Sep 27, 2019

In Relaxed Tutorials, DUDJ Brings an Under-Appreciated Art to the Masses

The second of DUDJ's tutorial classes mixed education and entertainment, and made a complex art seem suddenly accessible.

Samuel Doyle Contributing Writer
Alex Connolly for The University Times

The second edition of DUDJ’s society tutorial series, held last night, provided the society with a solo platform to celebrate the work of student DJs.

As a society probably best known to the student body for Pav takeovers and large social events, DUDJ’s tutorial experience gave the society an opportunity to take us behind the scenes of club music and explore the skills and technical intricacies of what may be the most overlooked of the musical arts.

Following its involvement in Wind Wave Rave – an event jointly organised with Trinity’s windsurfing, sailing, and surfing clubs – DUDJ took to the rather more prosaic location of the Graduates Memorial Building (GMB) last night, but members were as comfortable there as in a tent in a field on the coast.


At first, the idea of a techno-based tutorial session being tucked away above the heart of Trinity’s oldest and most traditional debating societies felt a little incongruous – dropping the bass and sick beats over the heads of philosophical parliamentary verbal sparring seems odd in theory, yet from the outset it all worked.

The atmosphere in a word was cosy – the weather outside was dire but inside there was a warm atmosphere and an interested crowd. Complimentary drinks and homemade brownies certainly didn’t hurt either.

My knowledge of DJing and making music has never strayed far beyond a few reliable Spotify playlists or occasionally hitting an instrument until it made a noise, but that lack of experience proved not to be an issue. Under the guidance of tutorial officer Daniel O’Brien, the confusion of sliders, knobs and all kinds of buttons and switches that comprise the basic disc jockey hardware became a lot less intimidating.

The evening organised itself so that every attendee had the chance for a one-to-one tour of the art of DJing. Over the course of four to five minutes we had the opportunity to quite literally make some noise – modifying tracks, creating sound effects and beginning to understand just what being a DJ actually involves on a technical level.

As a student, the word “tutorial” doesn’t typically bring me a great degree of excitement. If anything, it triggers flashbacks of awkward silences, unanswered questions and a distinctly unenjoyable cocktail of pressure, embarrassment and confusion. Tutoring in the style of DUDJ is something far removed from that description, though admittedly the complete informality of proceedings could itself have been a little disconcerting to those without any previous experience of the social side of society life.

It was perhaps unavoidable in an environment centred on music and performance, but the atmosphere from the beginning of the evening leaned more sharply on entertainment than education.
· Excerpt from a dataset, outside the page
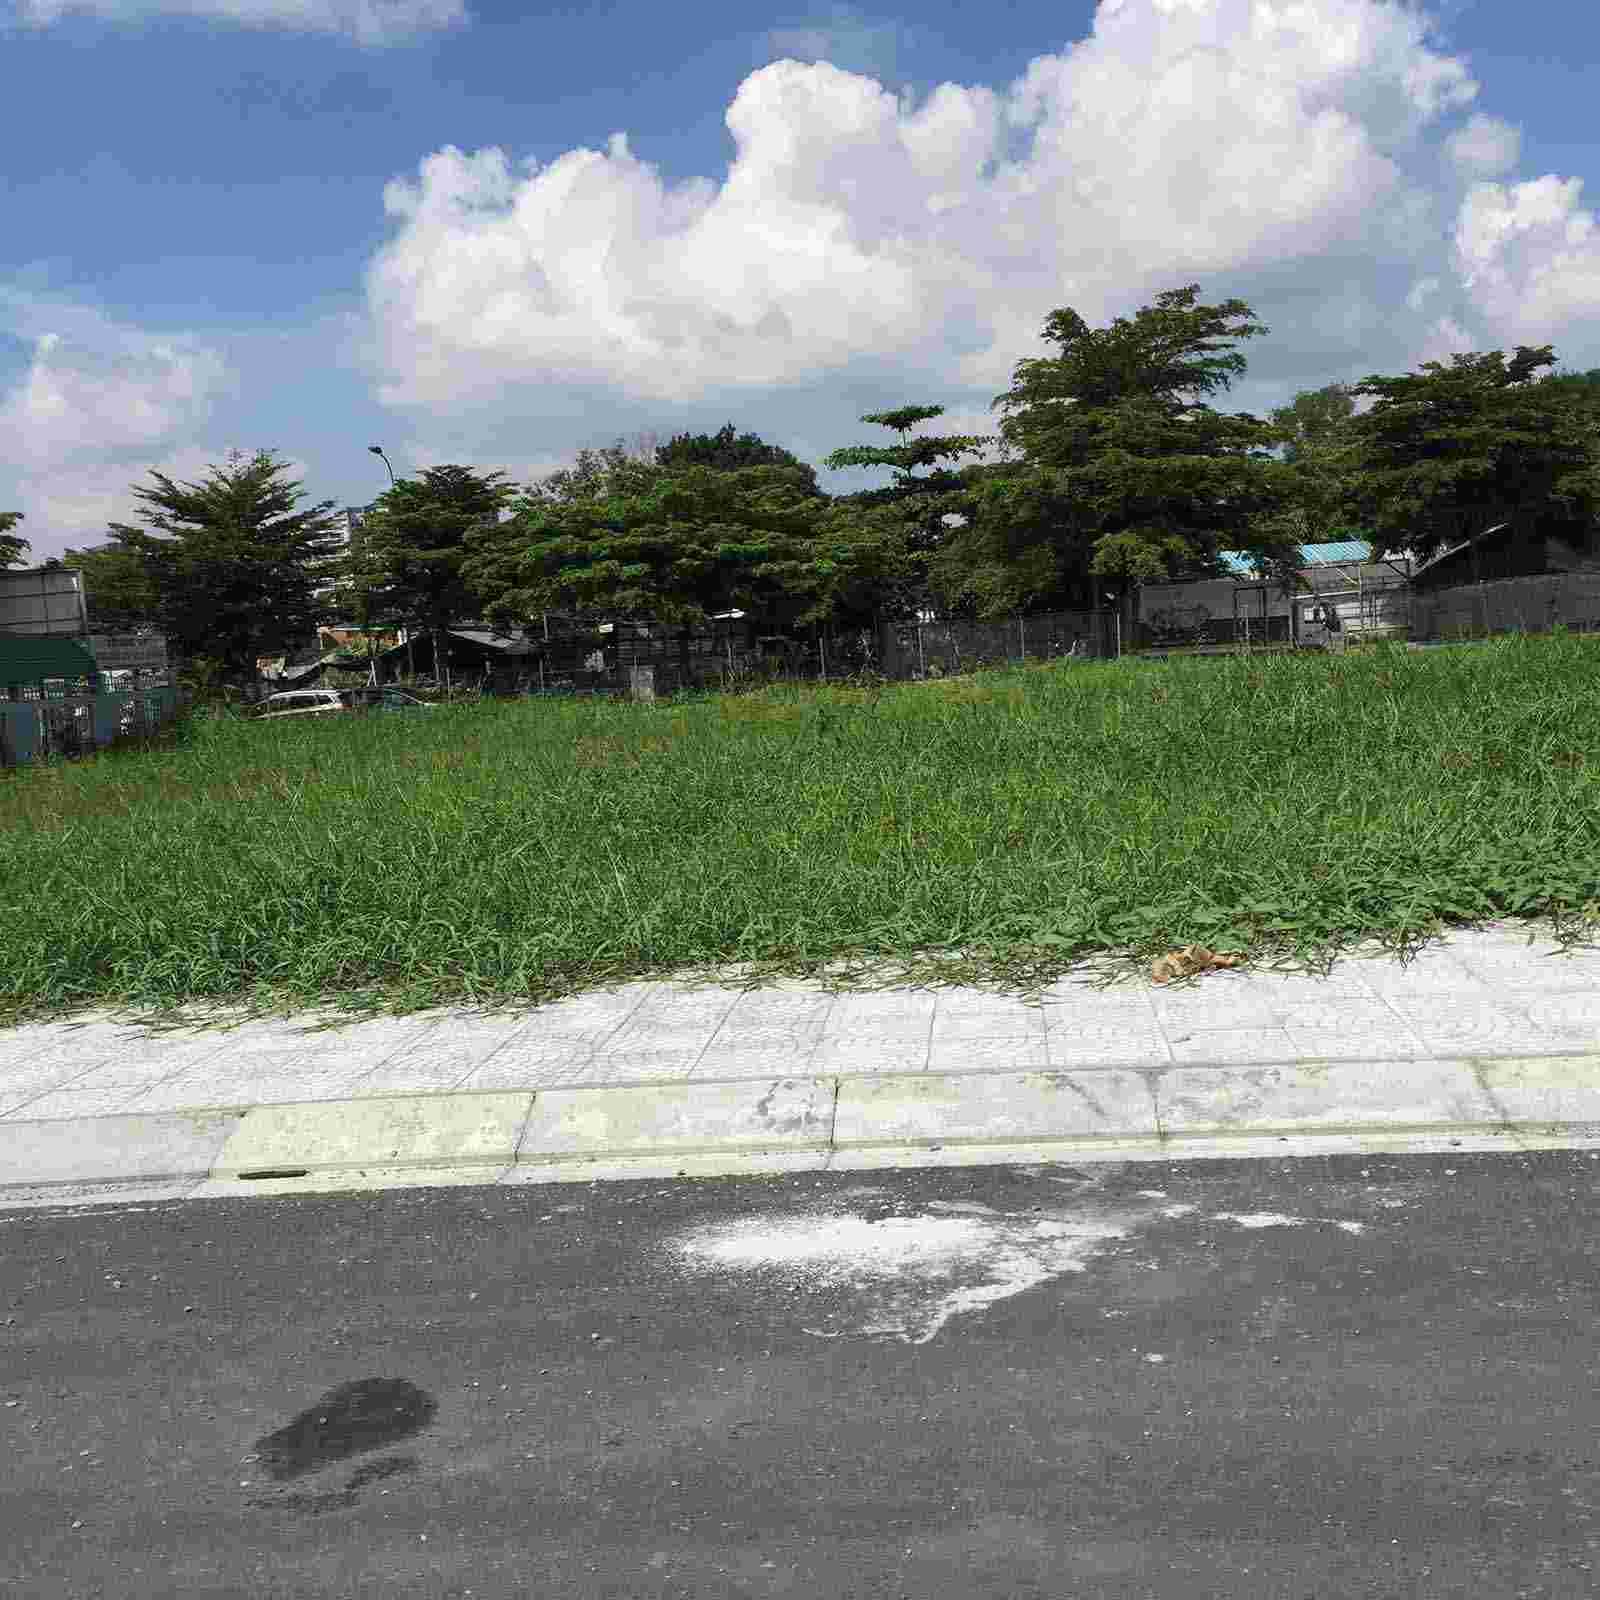 Bán đất dự án Thái Sơn 1, giá HOT, giá tốt nhất thị trường giá 37tr/m2, diện tích 250m2, đang làm sổ đổ. LH: 0913.050.053  Mr Huynh.

Nonetheless, standing in the crowd cheering on the various musicians taking their turn at the table, it did not take any great leap of the imagination to feel part of some carefree counter-culture.

Speaking to The University Times, Niamh Barry, an ordinary committee member and self-described unofficial sub tutorial officer, was keen to emphasise that DUDJ wants to be inclusive and empowering to every member of the College community.

It was noticeable that, while the committee this year may have a sole female member, the crowd attending was more balanced and perhaps more representative of the “safe environment for everyone” that the society champions. DUDJ has big plans for the coming year focused on promoting inclusivity and accessibility for all with an interest in the profession.